とりあえず進める

シャニマス三百五十四日目。

あそ→とちよこれいとで第四シーズン。

十連でメモリアルピース。

一次創作小説「彼女の話」J

馬車の中の決して広いとは言えない個室の中、エラムの声が夜明け前の冷えた空気に流れていく。

「秘密にしていた理由は、混乱を招くからですね。唯でさえ養女の身分に驚いていた貴女の養父母に、余計な衝撃を与えたくはないでしょう?」

ミーナは歯を食いしばる。あの二人を理由に使わないで欲しかったから。それに、エラムの動作から翅を通じて伝わる感覚ーー気付きーーこの人の告げる言葉に含まれる事実と隠匿の割合。この人は真実を全て詳らかにしていない、する気も無いのだという気配。
口調から察したーーこの人は女王たる実母の命を受けてミーナを探していたわけではない。何もかも不確かな中で、それだけははっきりと嘘だと確信した。

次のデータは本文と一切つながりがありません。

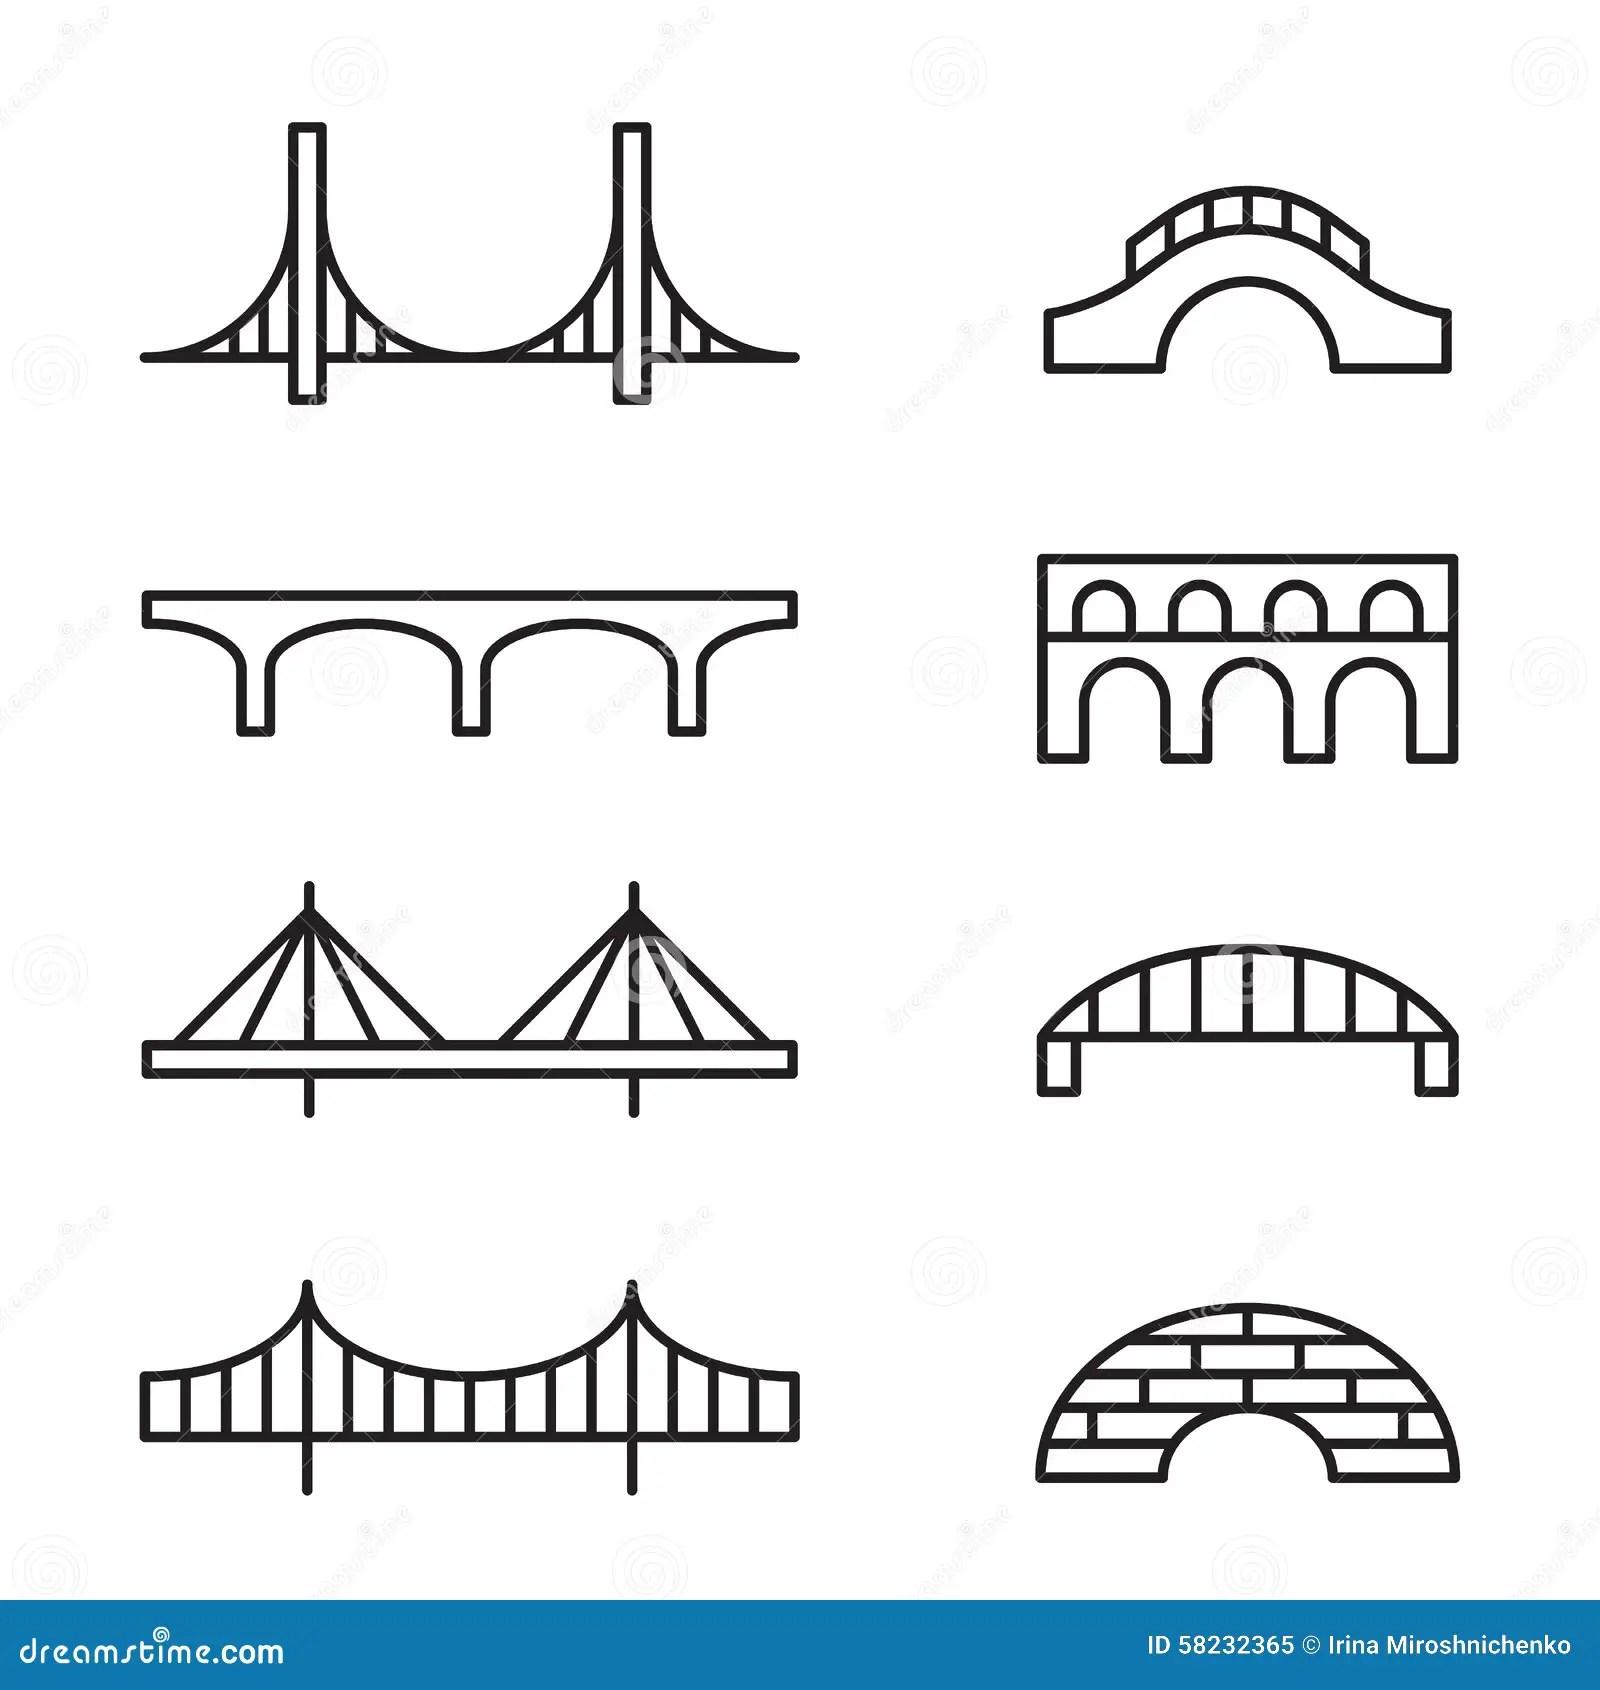 Bridge Icons Stock Vector Illustration Of Simple Design

「……わたしのお母さんは、妖精の女王様なんですよね」

「ええ」

「お父さんは、人間だと言いましたね」

「ええ」


「妖精の王国には、人間がいるのですか?」

エラムの表情は穏やかなものだった。

「いいえ、妖精のみですよ。たまに人間が紛れ込むことはありますがね。貴女の母君は、人間の世界に迷い込み、そこで人間と恋に落ちたのです」

ときめくような物語だと思った。こんな状況でなかったら、ミーナの胸が甘酸っぱく高鳴っていたことだろう。
しかし今はそれどころではない。妖精として覚醒したばかりの肉体はいまだに人間としての間隔を引き摺り、妖精の持つ知覚能力を受け入れられずに肉体への負担を強いているのだから。